I quoted several performers in an earlier piece about the “firsts” Moz refers to and how this creates a separate job entirely for black performers:

The higher earning potential happens in two ways. White women performers, especially successful ones, often follow a progression of roles. Lexington Steele describes it, “There are situations where it could be the industry, whether it’s her boyfriend, her husband or management that suggests she either doesn’t do [interracial] at all, or waits until a certain time when her rates can appreciate over time. Where it’s: girl-girl to boy-girl to anal to DP [double penetration] to, and then the ultimate she can charge her most is when she finally does interracial.” This is career path is unavailable to black women performers whose scenes are always already “racial” but never “inter” from an earning perspective, even when explicitly pointed out as such. For example Nyomi Banxxx recalled about a scene with a white male performer, “I had this conversation with my agent. I had this conversation with a director, because we were arguing about rate. I said, ‘I need to get paid for an interracial rate, IR.’ ‘No that’s not IR.’” This is one reason why Misty Stone says, black performers “do the same amount of work but [white performers] get different opportunities.

The “firsts” Moz defends are a series of sexual acts with ‘black’ being the most expensive act white ciswoman performers can do. Here black is both a subject position and sex position that subordinates and stigmatizes black performers. It says, “Look! A Black!” in the exact same sense Fanon means. This gives lie to Moz’s claim that Blacked will no longer “use terms like ‘BBC’ and ‘interracial’ in its marketing copy.” The subject and sex positions are in the very name “Blacked”. It implies interracial through using black as a verb, a transgression action crossing a border between subject positions, contaminating white purity. If Blacked is truly ending it’s use of the term “interracial” in marketing then it is simply substituting “Blacked” for it as interracial was always redundant to the company name.
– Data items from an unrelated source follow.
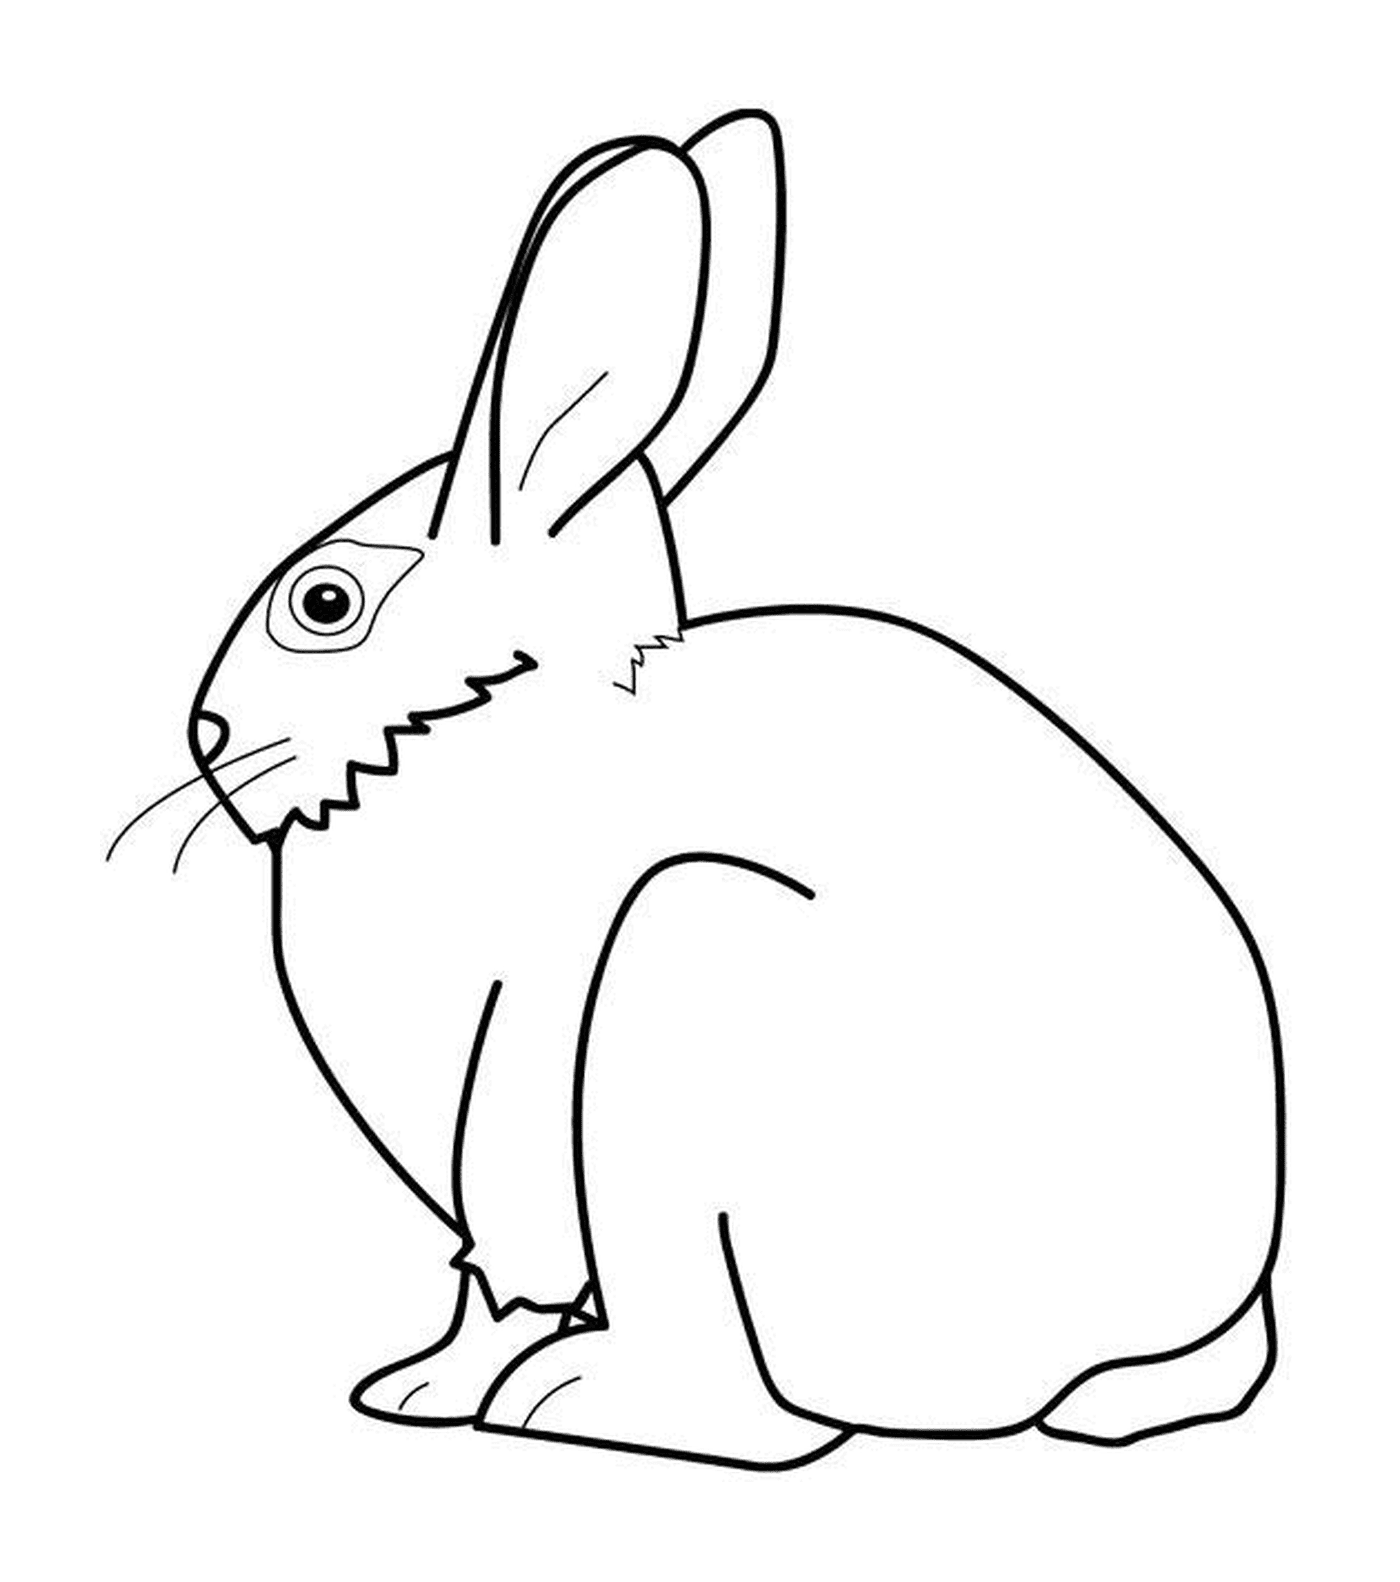  Conejo visto desde atrás 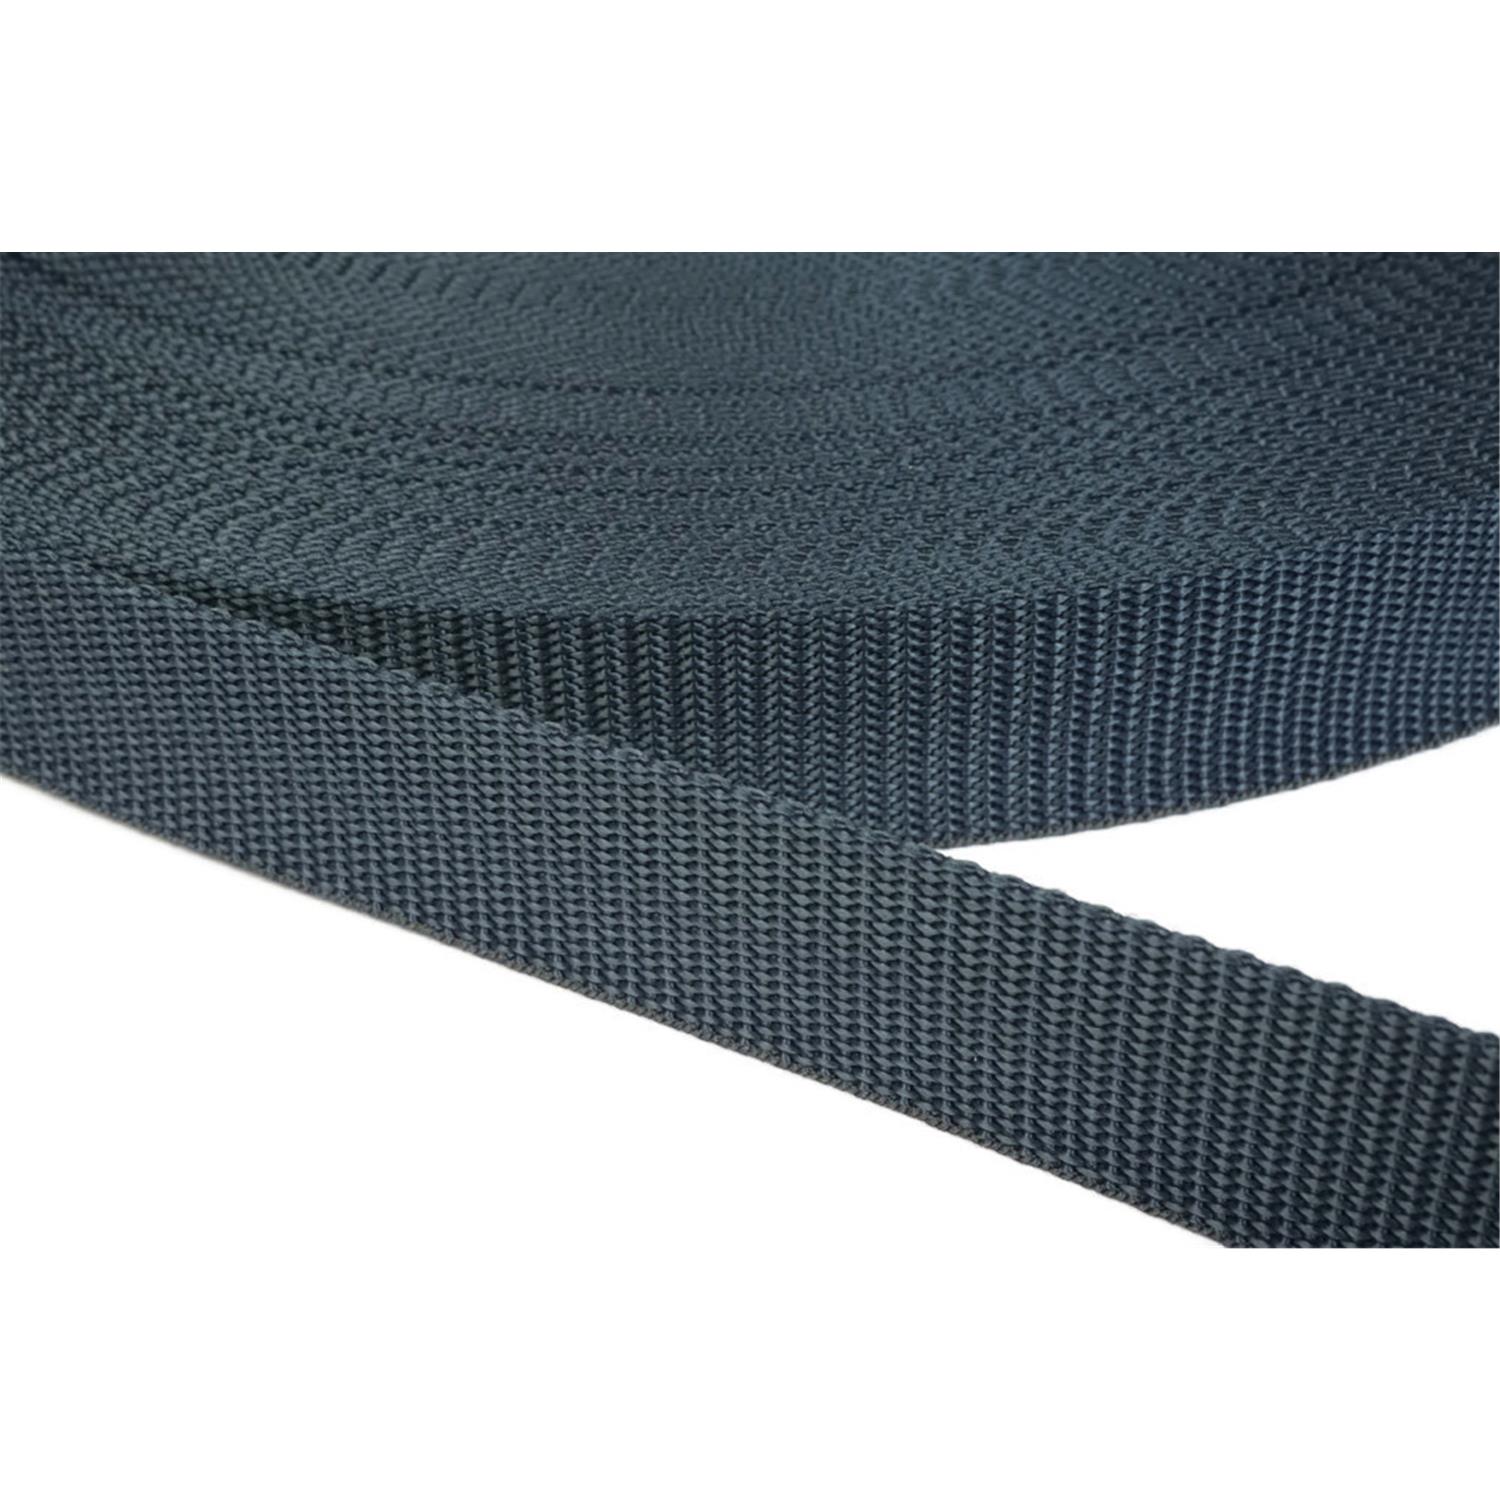 Gurtband 30mm breit aus Polypropylen in 41 Farben 40 - dunkelgrau/blau 50 Meter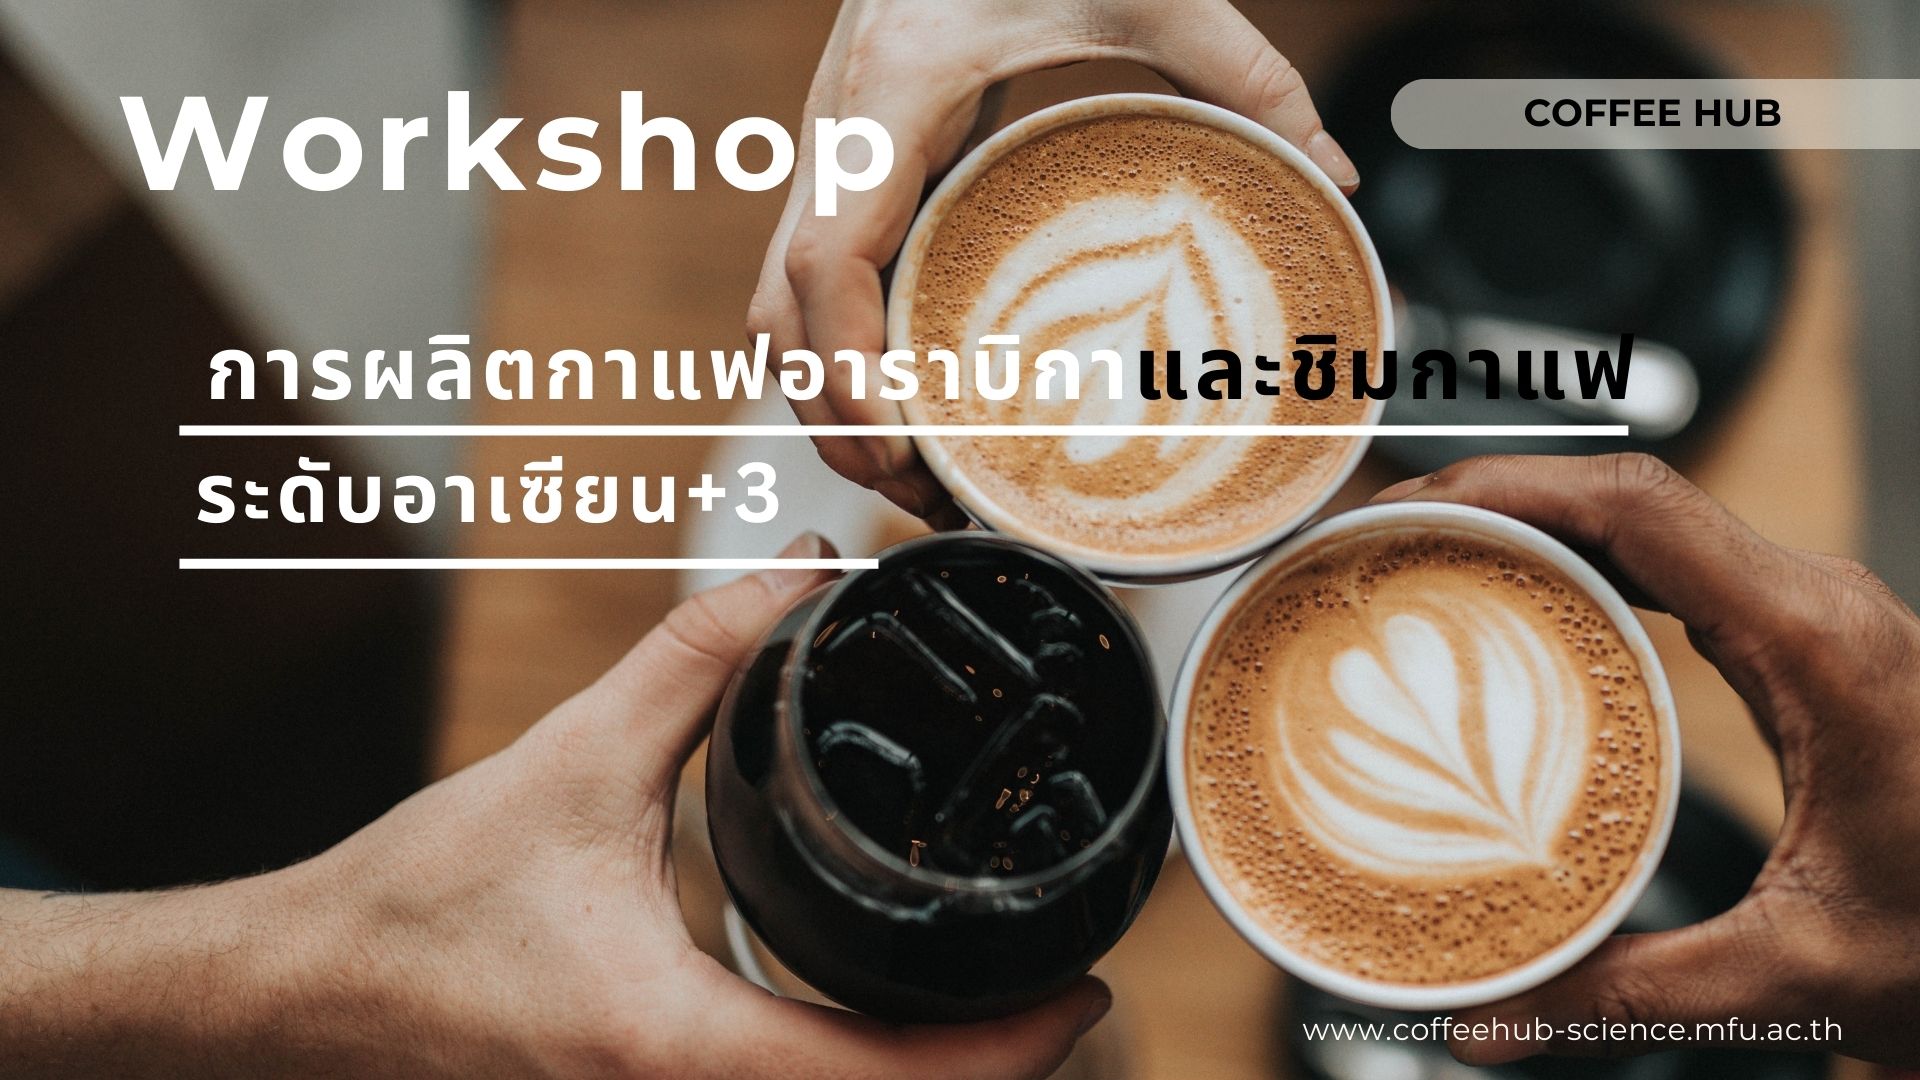 Workshop การผลิตกาแฟอาราบิกาและชิมกาแฟระดับอาเซียน +3

When the unnamed director told Banxxx, “No, that’s not [interracial]” to her demanding a higher rate for doing a scene with a white performer, they demonstrated porn’s anti-black labor regime, how it uses black as a verb to describe a contaminating, corrupting element. Black women are prohibited from this being already “Blacked”. The industry constructs this labor regime intentionally. One quite lightskinned black performer told me years ago that her agent did not want her to market herself as black so she would have better economic opportunities in the industry if coded as ‘latina’ or ‘Asian’. Anti-blackness explicit in the industry as Dickson’s article lays out and Moz confirms and as Ana Foxxx, Ricky Johnson, Scarlett Bloom, Demi Sutra, Lotus Lain and so many other performers have been campaigning against for some time, including increasingly publicly outside of the sex work industry over the past couple weeks.